What needs to be done => Which lines run from the one with "Pink and red" through the end of the data? Retype them exactly, without pictures.
%%
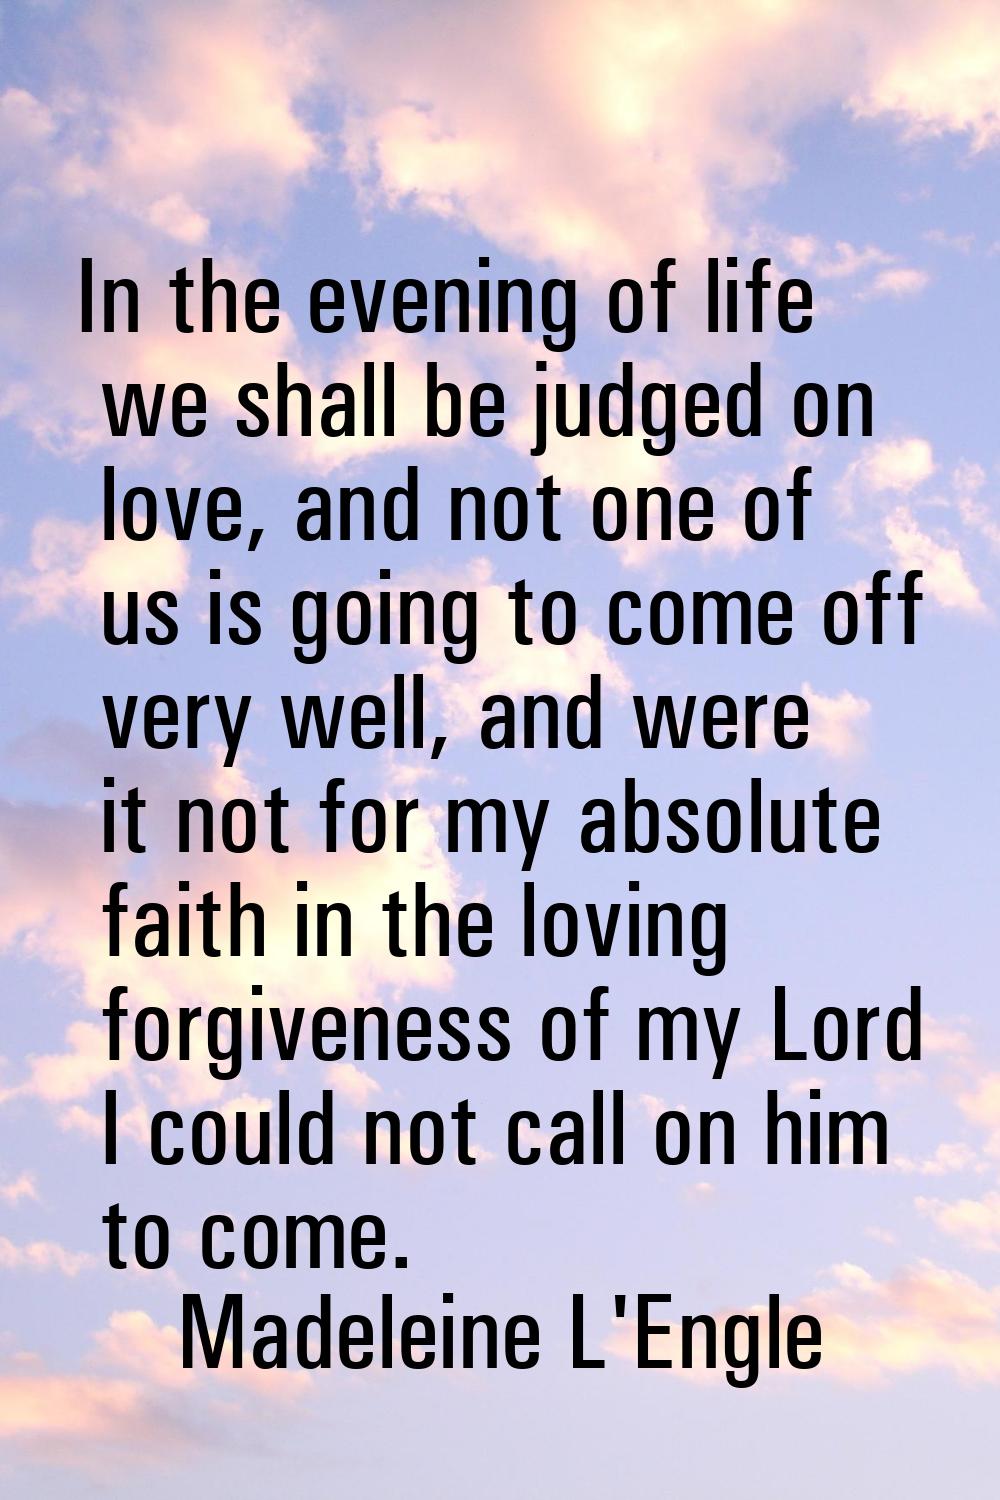 In the evening of life we shall be judged on love, and not one of us is going to come off very well
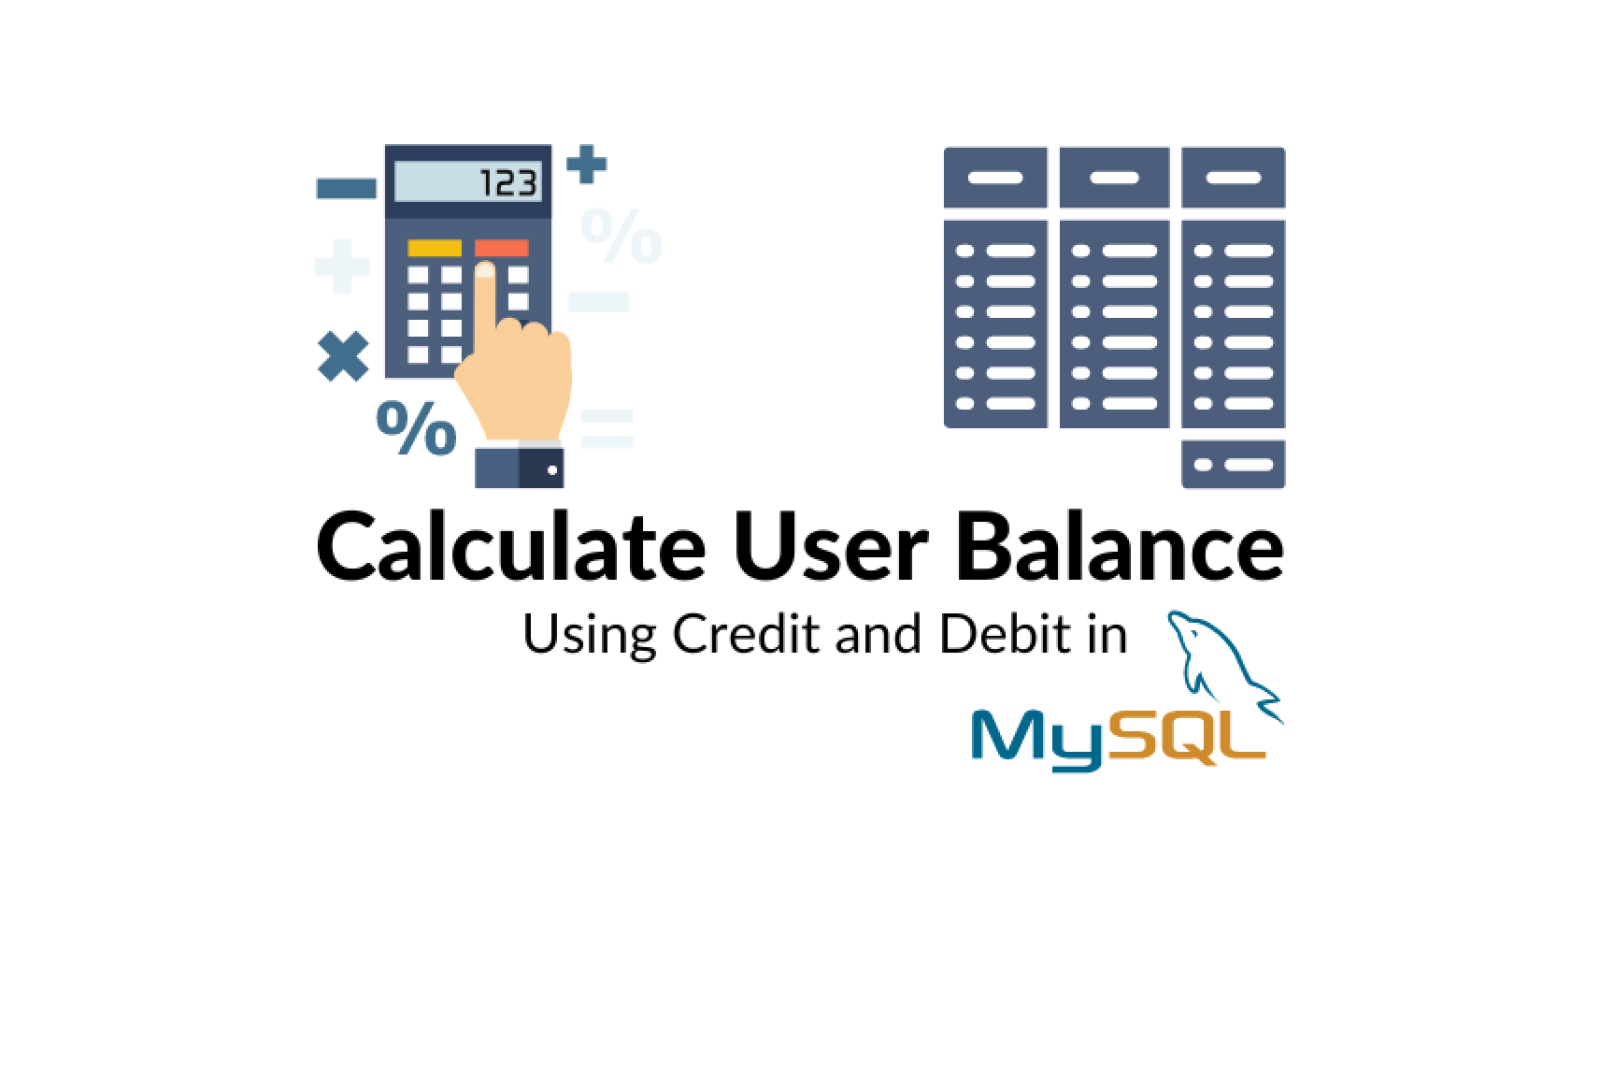 How to Calculate User Balance Using Credit and Debit in MySQL
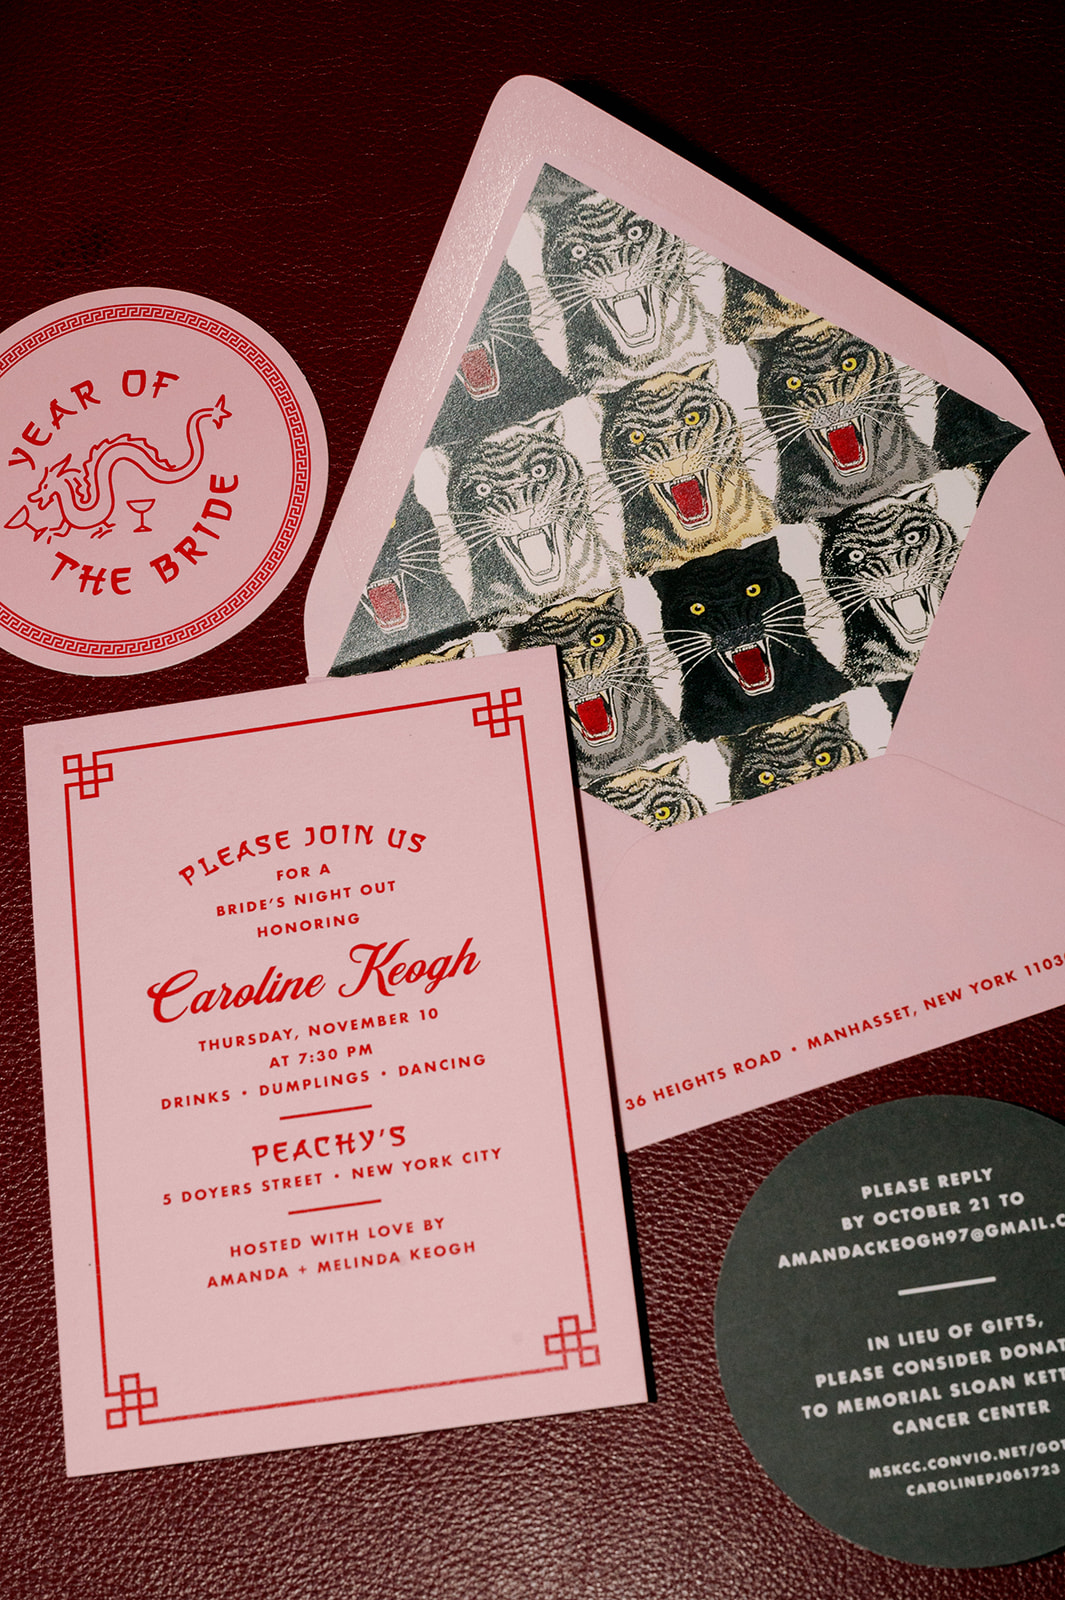 Pink and red invitations to a Thursday night bridal shower at Peachy's bar in Chinatown for Caroline Keogh.
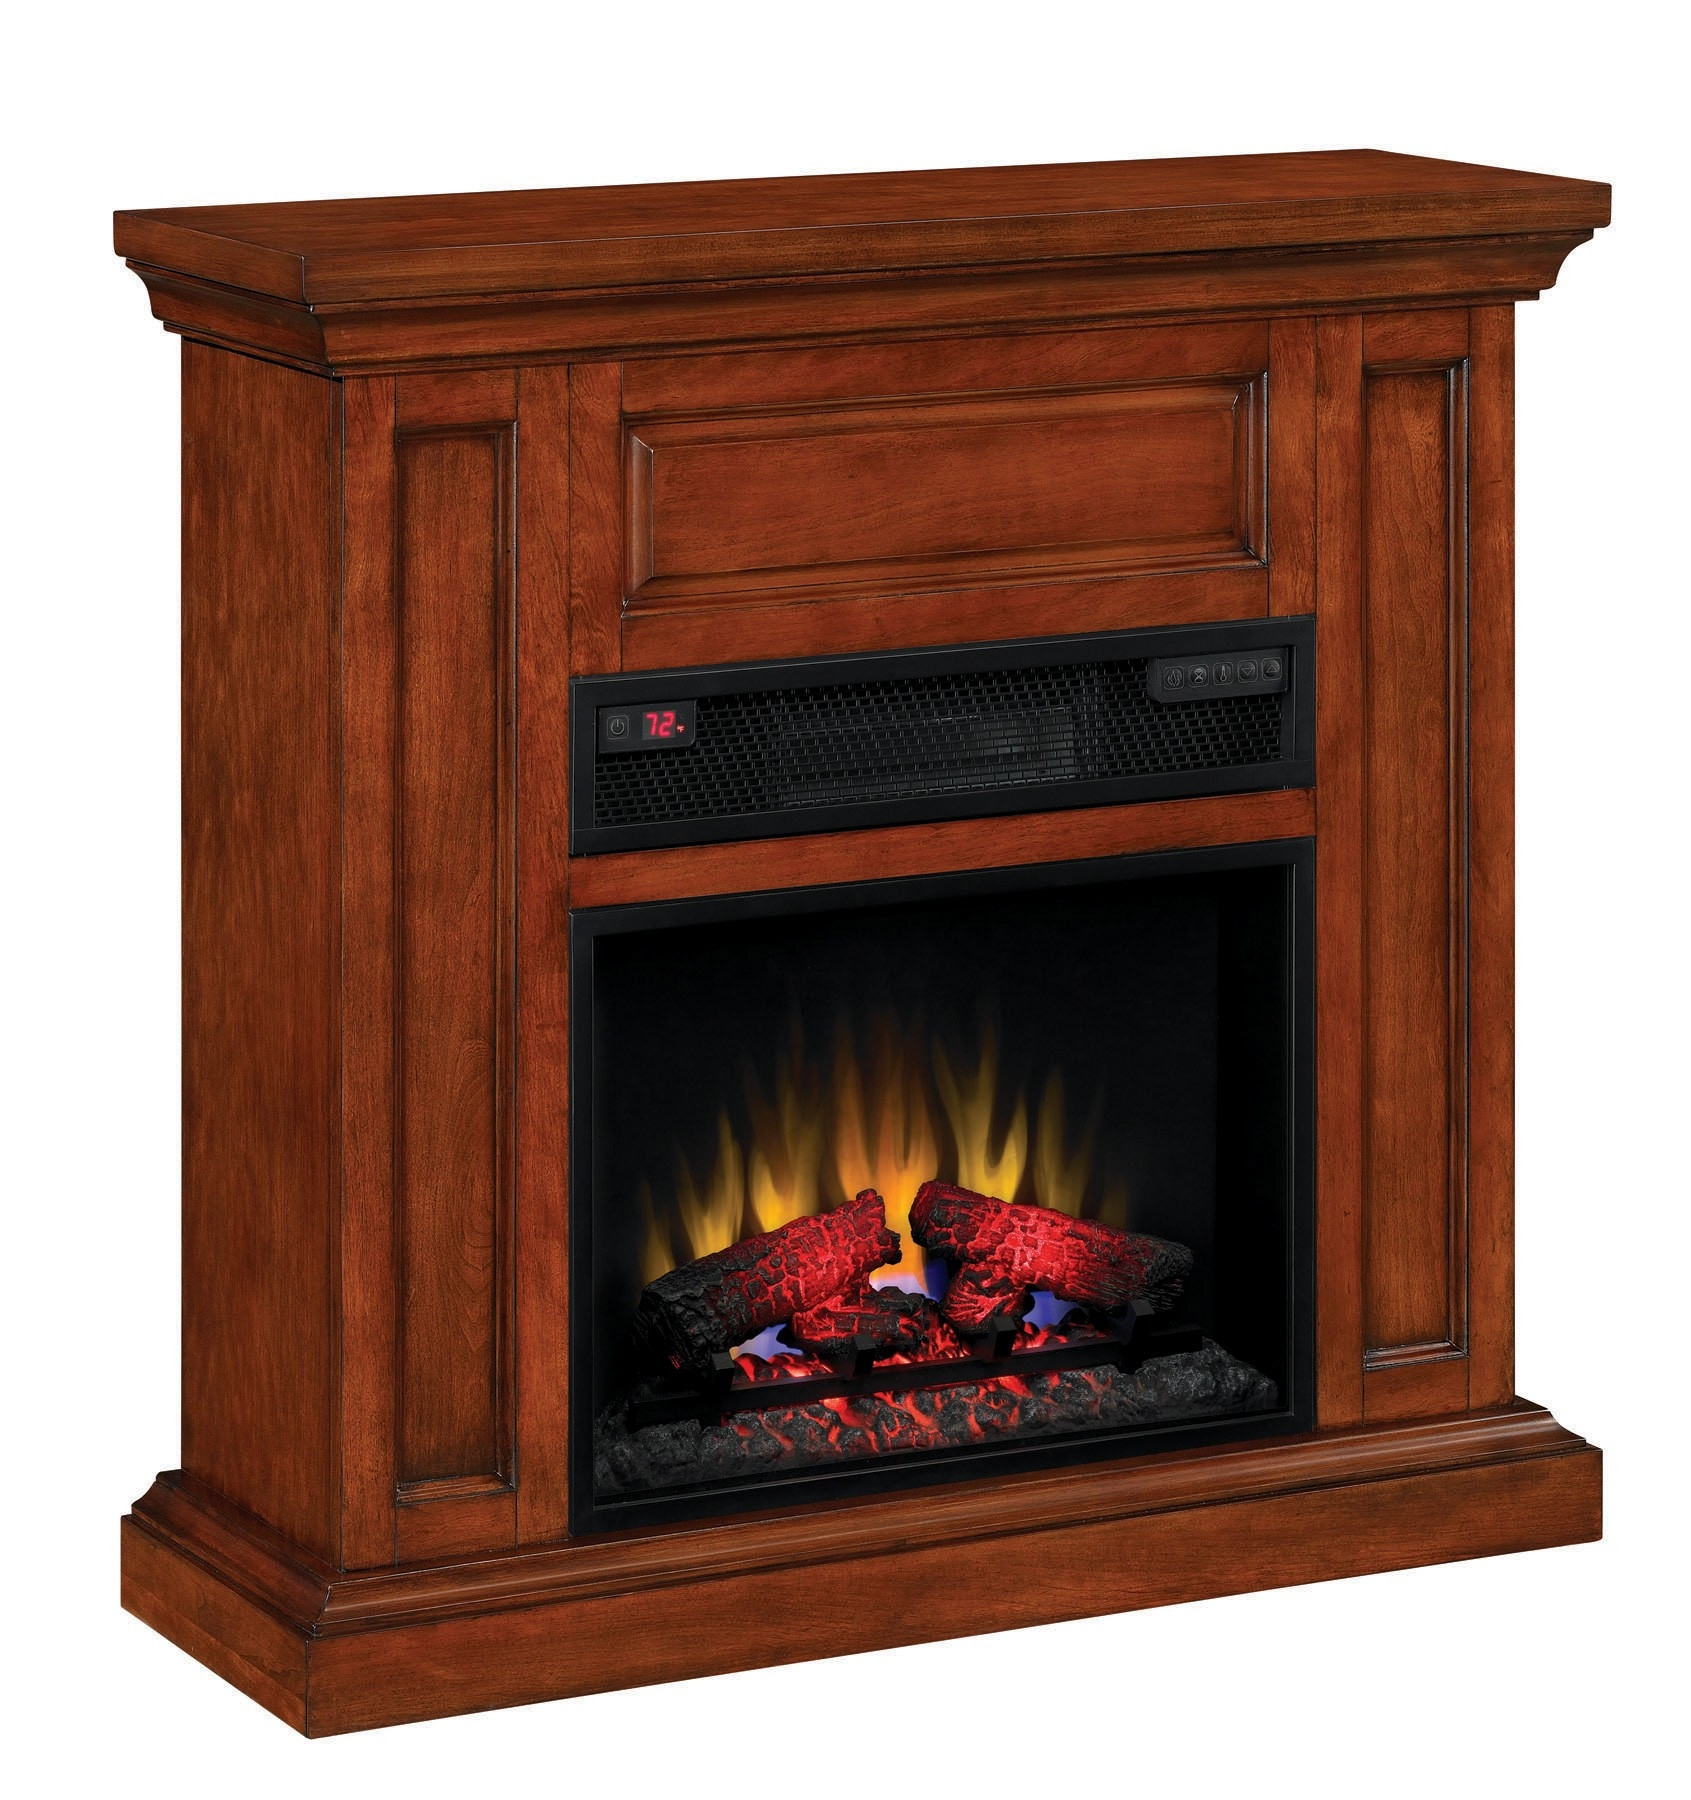 Twinstar Electric Fireplace
 15 Twin Star Electric Fireplace Troubleshooting
%%
Written reply =>
 Pink and red invitations to a Thursday night bridal shower at Peachy's bar in Chinatown for Caroline Keogh.
 Twinstar Electric Fireplace
 15 Twin Star Electric Fireplace Troubleshooting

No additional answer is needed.